4. Le secret peut-il être partagé avec le médecin-conseil de la Sécurité sociale? Dans les Pays-membres où le secret ne repose pas sur la loi pénale, il n'y a pas d'interdiction, ni d'obligation légale de communication. L'usage est de donner les indications spécifiques correspondant à la demande de prestations du patient. Si une infraction à la règle du secret est invoquée à l'encontre du médecin, il peut se justifier s'il démontre avoir agi dans l'intérêt du patient.

Dans les autres Pays-membres, la demande de prestations est en général considérée comme faisant présumer l'accord du patient.

Dans certains pays, la loi fait en principe obligation au médecin de "partager" dans la mesure du nécessaire. Dans les autres pays, le médecin doit apprécier ce qu'il doit ou peut dire. Mais s'il parle, il doit avoir l'accord du patient.

5. Le médecin peut-il révéler le secret médical sans loi spéciale l'autorisant ou l'obligeant à le faire et sans l'accord du patient, s'il en résulte un plus grand bien pour la société?

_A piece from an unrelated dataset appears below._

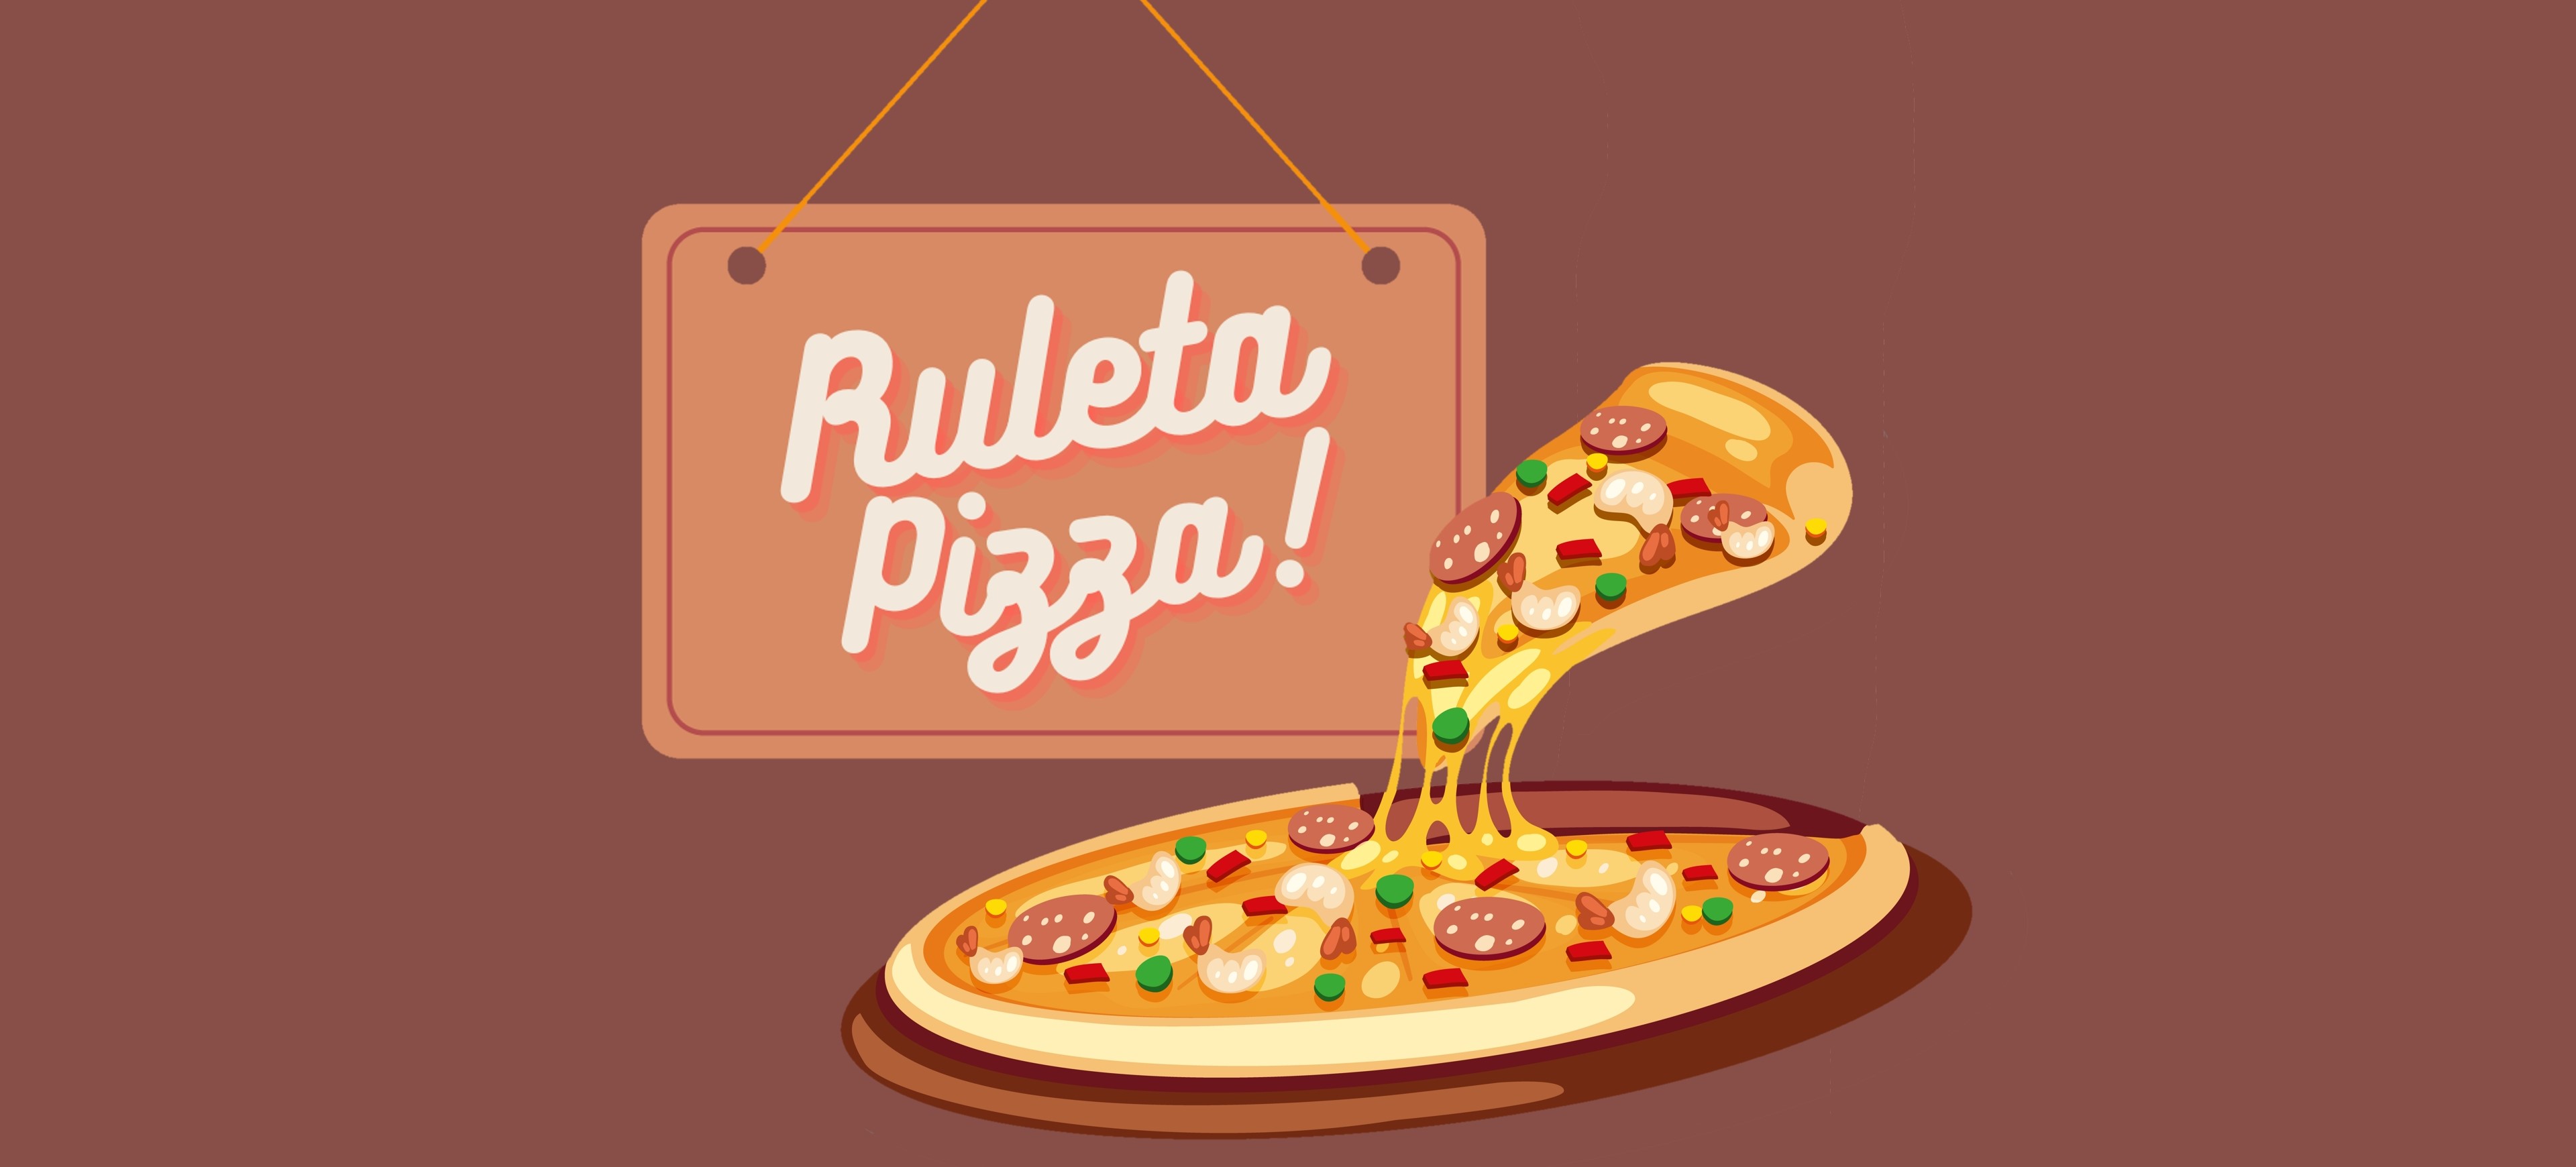 Ruleta Pizza!
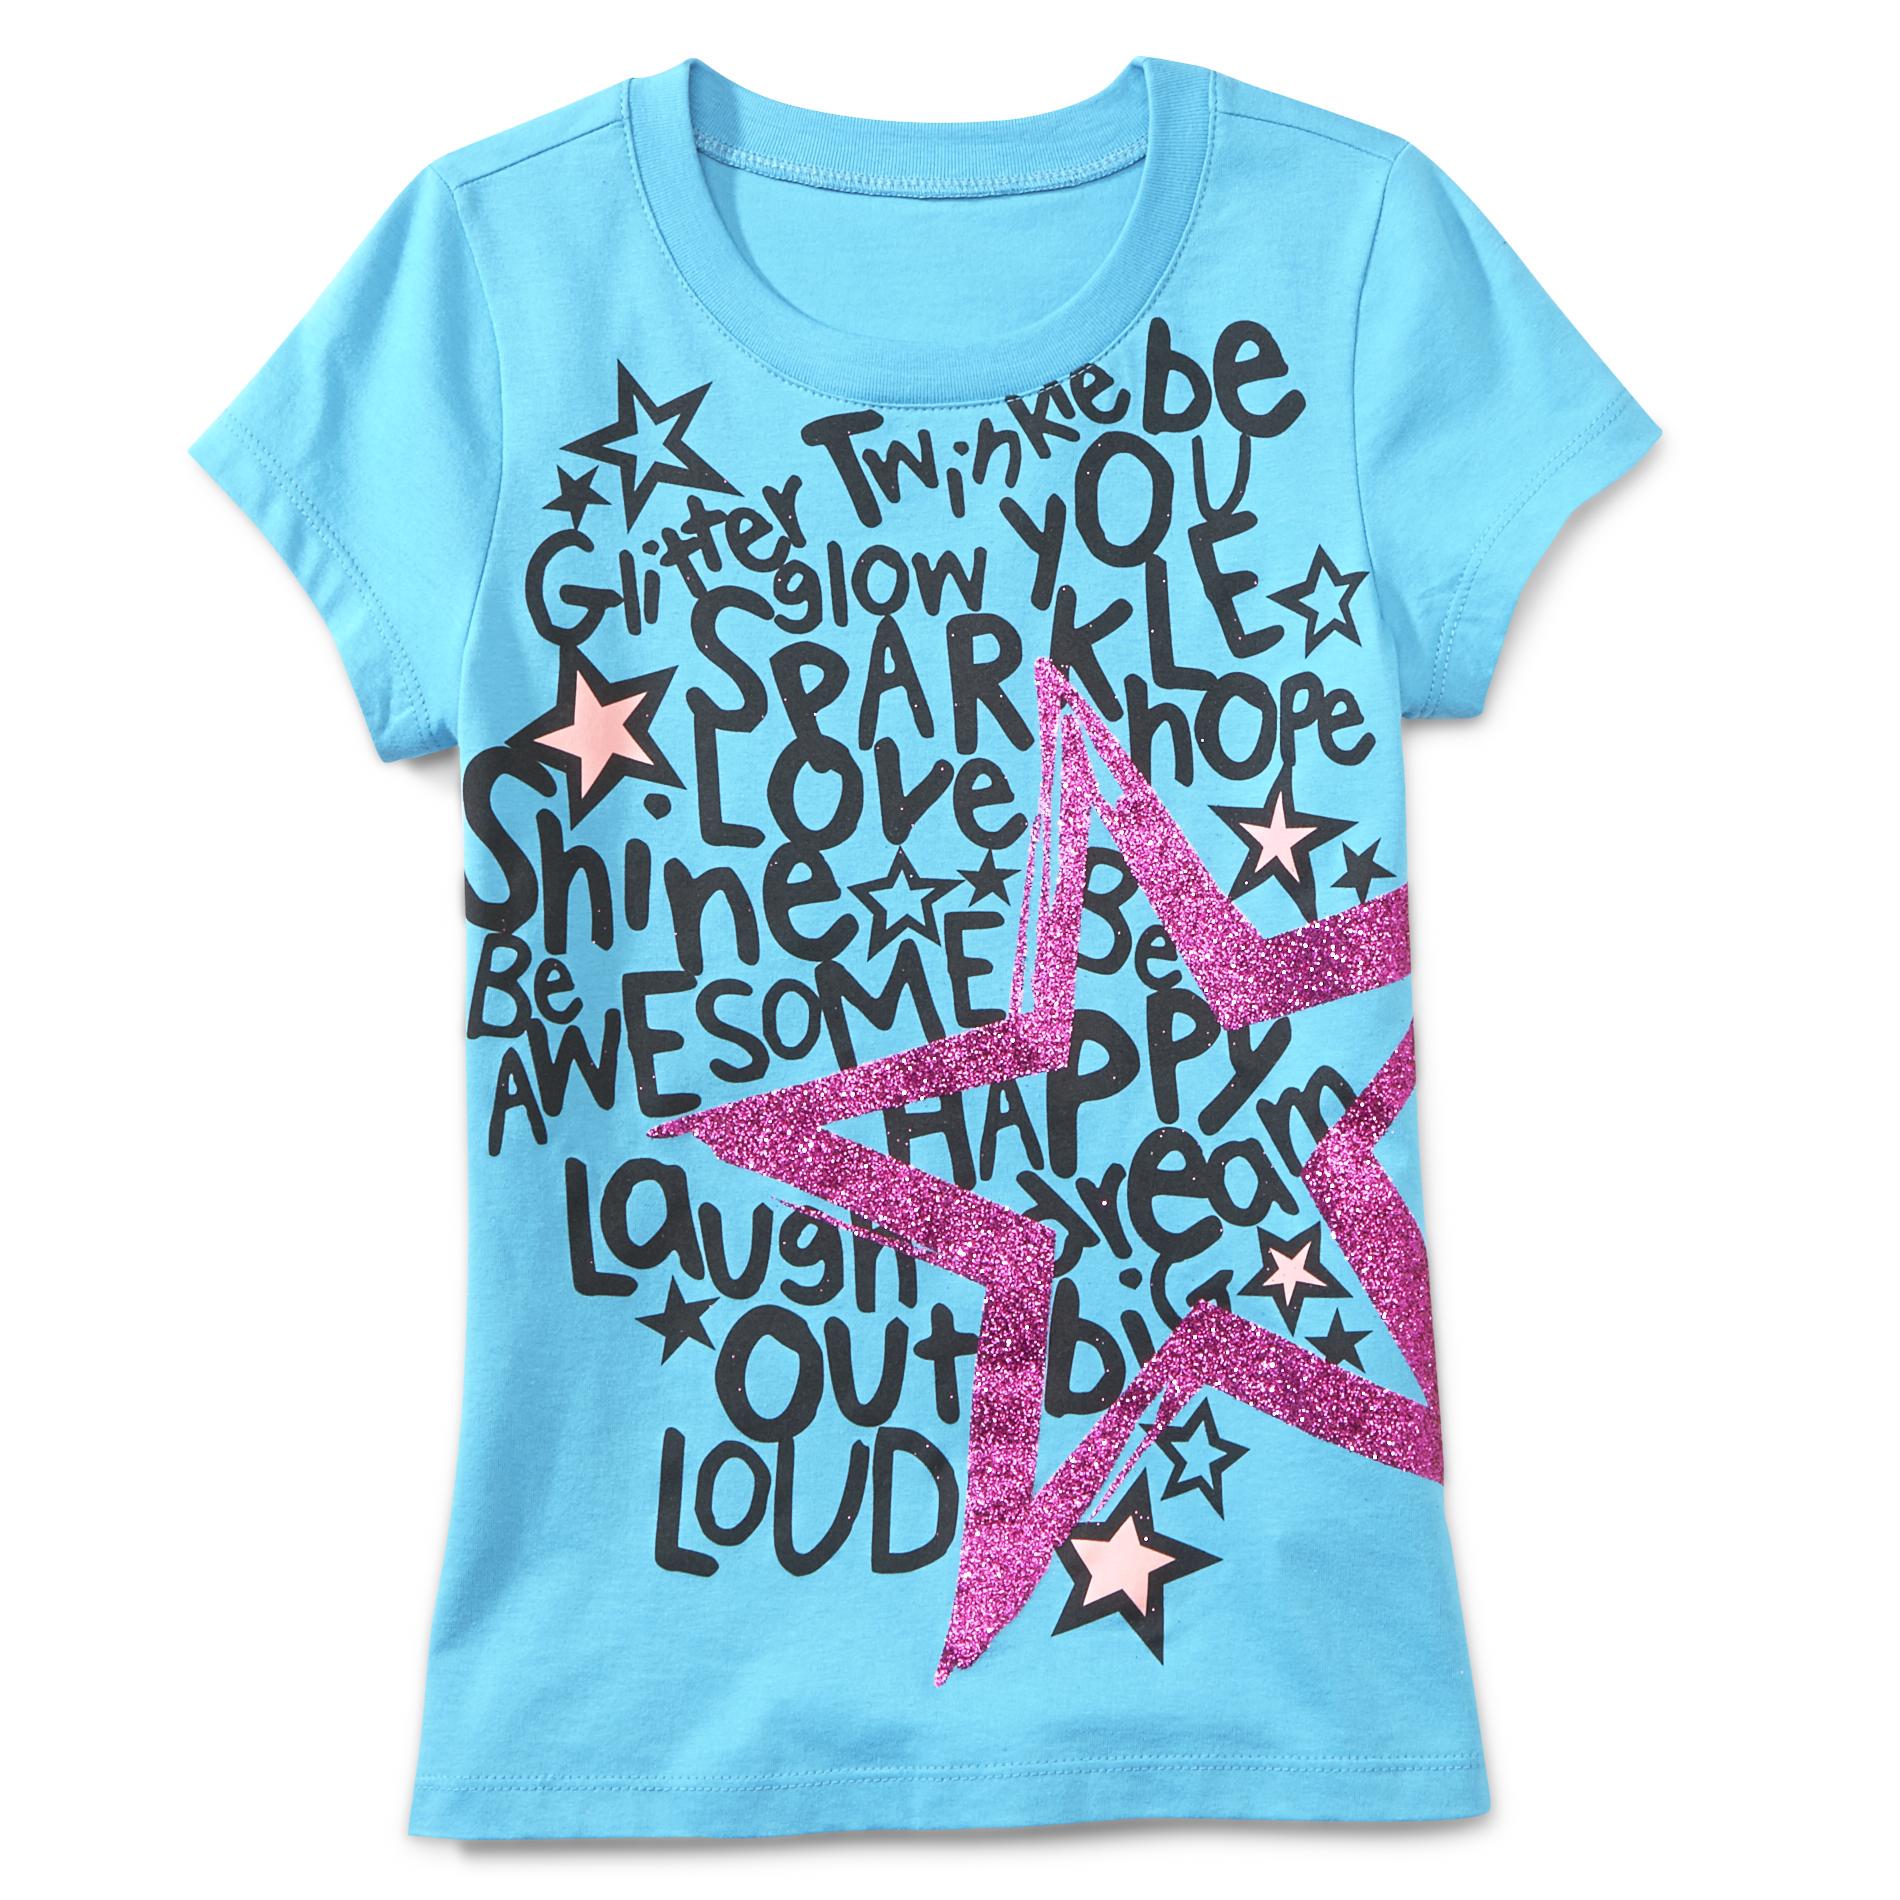 Route 66 Girl's Graphic T-Shirt - Glitter Star

Oui dans les Pays-membres oú la règle du secret repose, non sur la loi pénale, mais sur la seule éthique professionnelle. Dans les autres Pays-membres, en principe, il faut une loi spéciale autorisant le médecin à parler: il s'agit en général de protéger des victimes (par exemple des enfants maltraités).

Toutefois, faute de loi spéciale et dans des cas exceptionnels (par exemple lorsqu'il s'agit de prévenir des accidents de circulation), le médecin peut apprécier s'il s'agit, selon les termes excellents de la loi italienne, d'une "juste cause" de révélation.

6. Enfin le médecin peut-il être obligé par la loi de révéler le secret sans l'accord du patient?

Oui dans tous les Pays-membres s'il s'agit de déclarer aux autorités compétentes les maladies contagieuses ou les accidents du travail.

Le problème est plus complexe en droit communautaire s'il s'agit de témoigner en justice ou de dénoncer à la police des faits permettant la prévention ou la répression des crimes ou des délits.

Dans les pays où le secret médical ne repose pas sur la loi pénale, celle-ci s'impose avec plus de rigueur au médecin: le refus de témoigner en justice à ce sujet est en principe un outrage à la Cour. Le médecin n'est pas délié, d'autre part, de l'obligation qui s'impose à tout citoyen d'aider à la prévention ou à la répression des crimes et délits.

Dans les pays où le secret médical est inscrit dans la loi pénale, il y a conflit entre plusieurs obligations d'ordre public. Il est en général admis avec des nuances variables d'un pays à l'autre, que le médecin peut alors apprécier celui des devoirs qui lui incombent auquel il donne la priorité.

__________________________

1) Document élaboré à la suite d'une enquête du Comité Permanent auprès des délégations nationales et adopté par la réunion des Commissions "Ethique Médicale" et "Juristes" des 20 et 21 septembre 1984.